Feminism : A Social, Political, And Economic Equality Of The Sex

1740 Words Nov 13th, 2016 7 Pages
Defining Feminism
The authors have a differing approach toward the definition of feminism. In “You’re a Hardcore Feminist. I swear.” by Jillian Valenti, Valenti defines feminism by extracting an actual dictionary definition. Valenti’s feminism is the “Belief in the social, political, and economic equality of the sex”, followed by “the movement organized around this belief”, in other words, the movement toward the social and economic equality of men and women.
In “Feminism: A Movement to End Sexist Oppression”, bell hooks defines feminism in the very title. Throughout the reading, hooks continuously stresses the importance of intersectionality, and the feminist movement not just making women equal to men. Hooks defines feminism as a movement toward the dismantling of the patriarchy and focusing on the reality of all women, not just white, middle-class women. Hooks also emphasizes the need for feminism to focus on women who are most vulnerable and most negatively affected by capitalism and class structure.
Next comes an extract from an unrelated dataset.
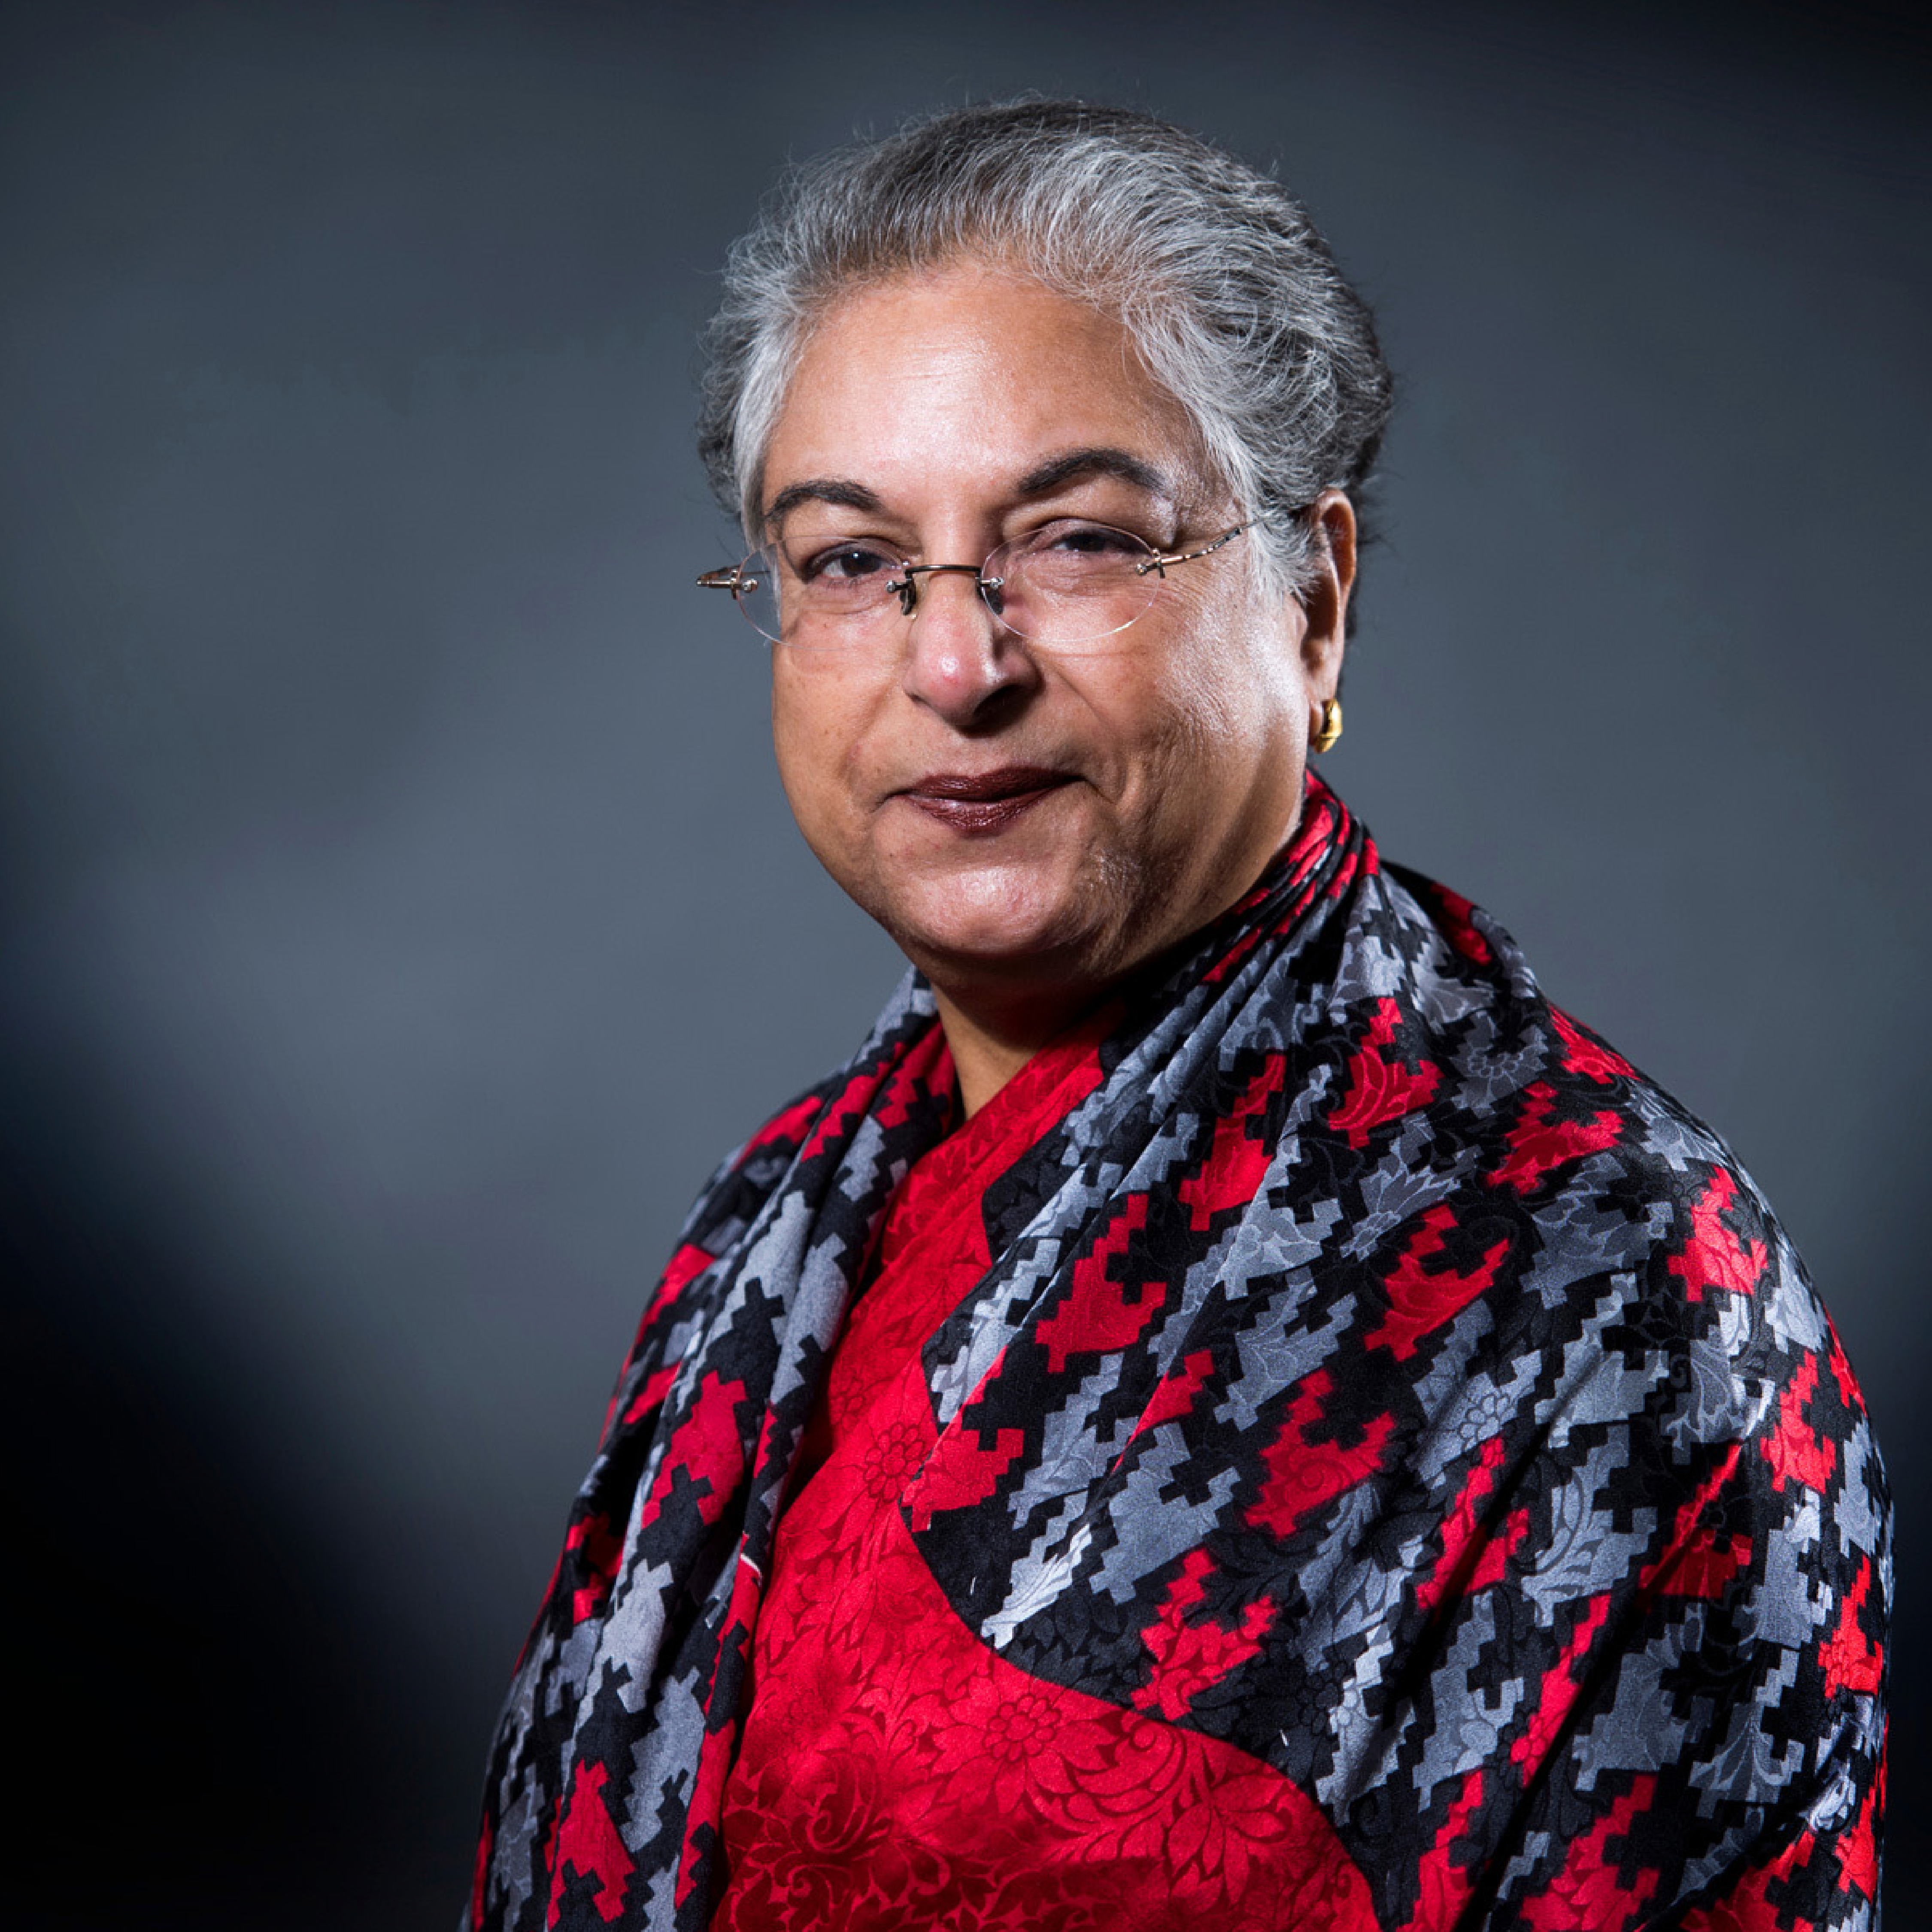 Strengthening the Rule of Law to Advance Gender Equality: Q&A with Hina Jilani

In “Unpacking Transphobia in Feminism”, Emma Allen indirectly defines feminism as needing to be inclusionary for trans people, especially trans women, people of color, and people of lower class, and working toward destroying the systems that reinforce the different forms of oppression. Emma Allen especially focuses on eradicating transmisogyny, or the discrimination toward trans women and femmes, particularly in radical feminist spaces.